Айсе подошла поцеловать ему руку.
— Ах, дедушка Сократ, пусть вам вечно будет девяносто четыре!
— Сколько себя помню, ему всё девяносто четыре, — пробурчала Поликсена. — Вот жалость, столько воспоминаний, а он ничего не помнит. Как сундук с сокровищами, только ключ потерян.
— Долго жить хорошо. — Айсе села и понурилась. Поликсена оторвалась от шитья и увидела, что плечи у подруги вздрагивают: плачет.
— Ой, что такое, Айсе? — Поликсена ласково ее обняла. — Что случилось?
— Ходжа. Бедный мой муж.
— Ходжа? Что с ним?
— Долго не проживет.
— Он ведь совсем не старый!
— И моложе умирали, про солдат уж не говорю.
— Женщины в родах, — согласилась Поликсена. — Но ведь не мужчины.
— Ох, Поликсена, он очень болен, я вижу. Как мне быть?
— Да в чем дело-то? Он уже давно неважно выглядит, но ты ничего не говорила.
— Нелегко такое сказать. Он так и не оправился, с тех пор как забрали его лошадь.
— Но не умрет же он из-за этого? — изумилась Поликсена. Она не могла представить, чтобы кто-то умер от тоски по кобыле.
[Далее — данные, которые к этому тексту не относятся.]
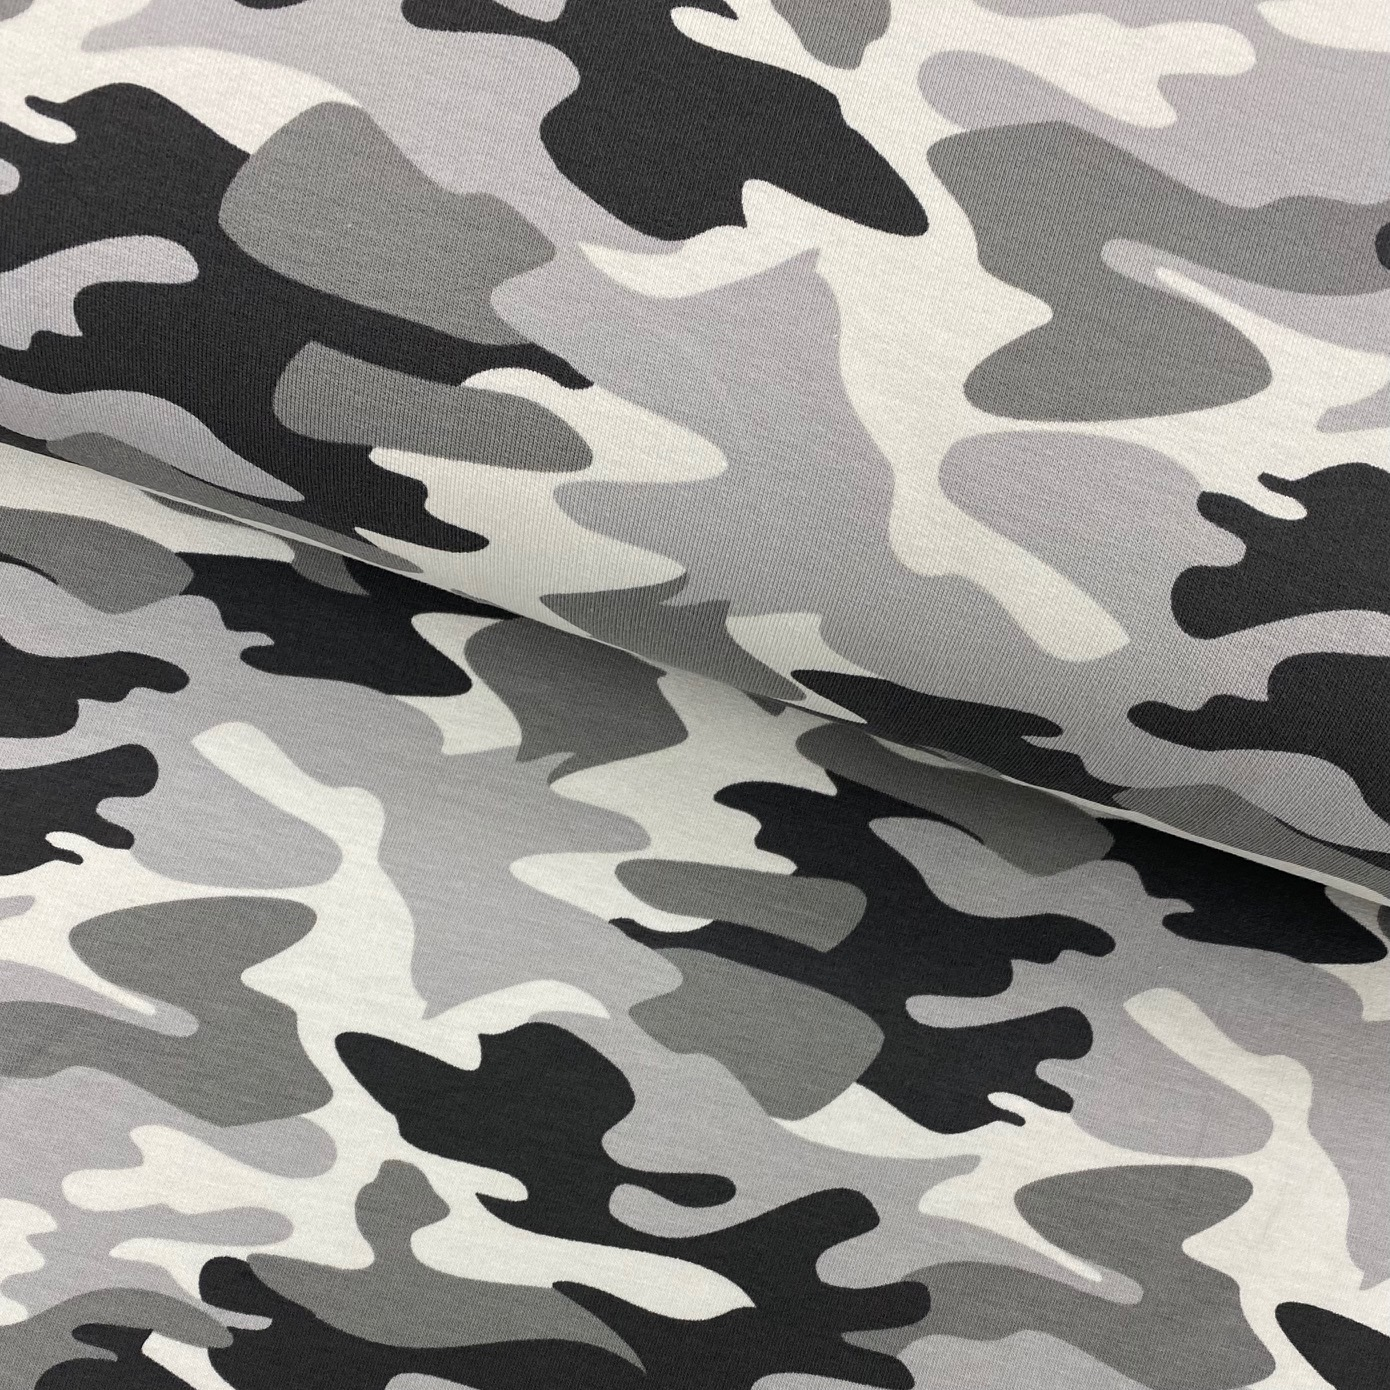 Sweat French Terry, angeraut, Camouflage dunkelgrau/beige.  Art. 4979-1264
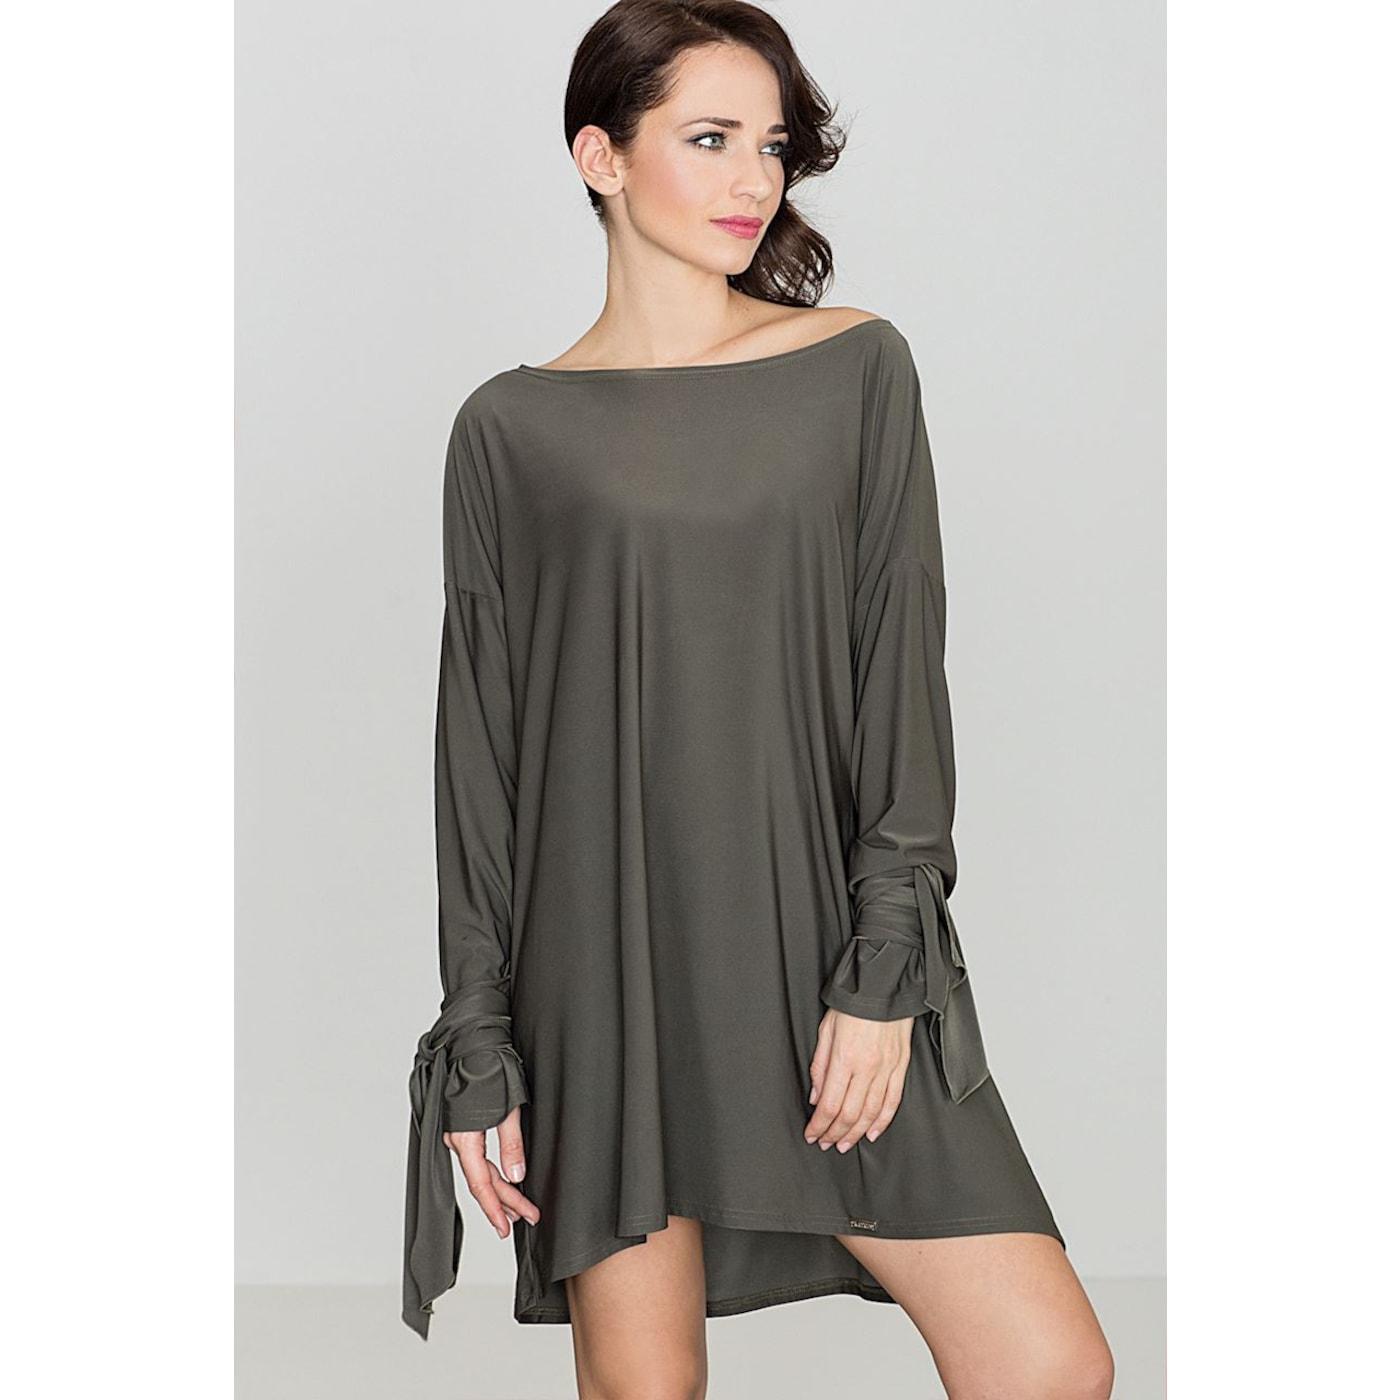 Katrus Womans Dress K439 dámské Olive green L

— Нет, Поликсена, все гораздо хуже.
— Говори, Айсе, ты должна мне рассказать.
— Неловко.
— Неловко?
— Ох, Поликсена, только, пожалуйста, никому не говори, но дело в том… в том… Ходжа помочиться не может.
— Да что ты?
— Это его убивает. Ему так больно, слезы катятся по лицу, а он даже не пикнет. Живот раздулся, как бурдюк.
— И давно с ним такое?
— Несколько дней, но началось давно. Сходит на двор и скажет: «Что-то не получается все из себя вылить». Потом стало хуже, он никак не мог начать, уйдет, и нет его — все старается выдавить хоть капельку, потом вернется, а через минуту бежит обратно, и снова пытается. Скажет мне: «Как ни печально, жена, я превращаюсь в старика», и все пытается шутить, а это не смешно. Пробовал пить больше воды, чтобы вытолкнуть старую жидкость, но не помогло, только хуже стало. Я говорю: «Может, тебя кто сглазил?», а он отвечает: «Я испробовал все стихи Корана, какие только можно, выписывал на бумажку первую суру и клал на живот, втирал масло из гробницы святого, но пописать не могу». Потом говорит: «Аллах решил — пора», а я ему: «Ты всю свою жизнь верно служил Аллаху, за что он посылает тебе такое мучение?» Сначала ходжа не знал, что ответить, а потом говорит: «Я и сам об этом думал. Наверное, он меня разлюбил». — Айсе протянула руку: — Поликсена, положи это перед иконой, пожалуйста, и попроси Мать Иисуса нам помочь. Раз Господь не желает слушать нас с ходжой, может, выслушает Деву Марию.
Поликсена увидела, что Айсе протягивает серебряную монетку, и ее пронзило сочувствием. Она взяла грошик, но потом вернула его подруге.
— Богоматери не нужны деньги, — мягко сказала Поликсена. — Она понимает, что тебе они нужнее. В раю деньги не ходят, даже Богородице их не на что потратить. Она узнает, что ты хотела дать ей монетку. Я схожу в церковь. Поцелую икону и попрошу вам помочь, а Матерь учтет, что ты желала поднести ей денежку.
— Спасибо тебе. — Глаза Айсе наполнились слезами. — Ты точно знаешь? Вдруг Матерь не прислушается?
— Надо найти врача, — сказала Поликсена. — Уж он-то знает, что делать.
— Врачей нету. Ни одного не осталось. И потом, они все христиане, я бы с ними не расплатилась.
— Может, в Смирне есть врач?
— Не успеть, ходжа умирает. Скончается по дороге, а если сами поедем за врачом, не дотянет до нашего возвращения. Ой, Поликсена, видела бы ты его! Разревелась бы! Бормочет, пожелтел… когда пот высыхает, весь в белых крупинках, будто солью обсыпанный, я их смахиваю, изо рта дурной запах — мочой пахнет, и… и… — Айсе спрятала в руках лицо.
— Что, Айсе? Что?
— Глаза кровавые. Были такие красивые и ласковые, все так говорили, а теперь налитые кровью.
— У меня двенадцать детей, — сказал дед Сократ, но женщины, охнув, от него отмахнулись.
— Слушай, а Левон-армянин? Он же аптекарь, он точно знает, что делать.
— Его забрали. Всех армян увели, сама знаешь.
— Ой, совсем из головы вылетело! Вот кто бы знал, каково без них придется!